McCARTHY, Administrative Patent Judge.
The Examiner rejects claims 1, 3, 4, 8, 9, 11, 14, 15 and 17 under 35
U.S.C. § 103 as being unpatentable over Titus (US 6,018,471, issued Jan.
25, 2000) and Mendez (US 2012/0144804 Al, publ. June 14, 2012) (Final
Office Action, mailed Apr. 7, 2017 ("Final Act."), at 2); and claims 2, 10
and 16 under § 103 as being unpatentable over Titus, Mendez and Ernst (US
8,752,378 B2, issued June 17, 2014) (Final Act. 8). My colleagues affirm.

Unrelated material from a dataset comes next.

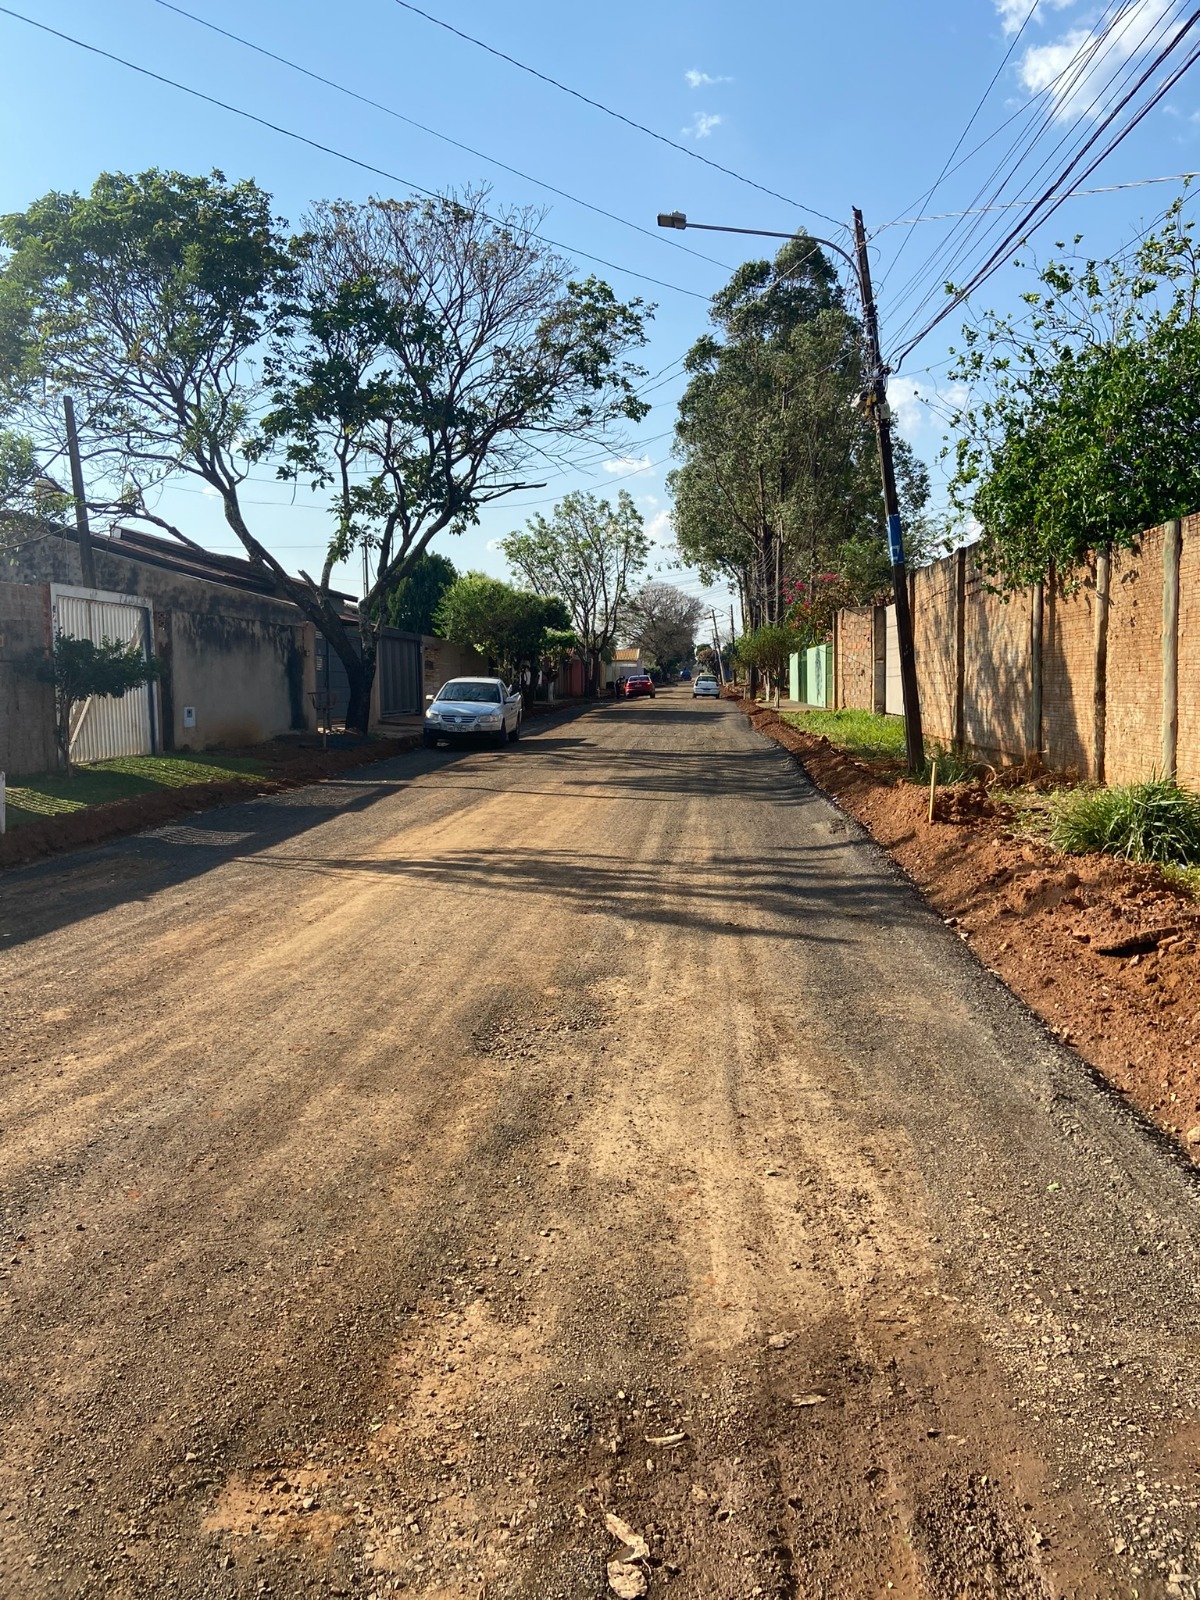 Executivo fará estudo para que ruas do Oliveira não fiquem de fora das obras de asfalto, diz Betinho

Because I believe that the Examiner has not shown the subject matter of the
claims to have been obvious, I dissent.
Appeal2018-004389
Application 14/507 ,524
CLAIMED SUBJECT MATTER
The Specification teaches that:
For spark-ignited engines, such as natural gas engines, a larger
concentration of unburned hydrocarbons and/or carbon
monoxide may be present in the exhaust gas. For instance, spark-
ignited engines may have a combustion efficiency of
approximately 98%. Thus, approximately 2% of the fuel energy
is not utilized and leaves the engine as unburned hydrocarbons
and/or carbon monoxide. In some implementations, a waste heat
recovery system may be included as part of the exhaust system
to capture the heat of the exhaust gases and convert the heat to
useful energy (e.g., electrical and/or mechanical energy). To
maximize the usage of the fuel, an oxidation catalyst may be
positioned upstream of the waste heat recovery system to oxidize
the unburned hydrocarbons and/or carbon monoxide, thereby
producing additional heat for the exhaust gases. Such additional
heat may be captured by the waste heat recovery system and
converted into electrical or mechanical energy.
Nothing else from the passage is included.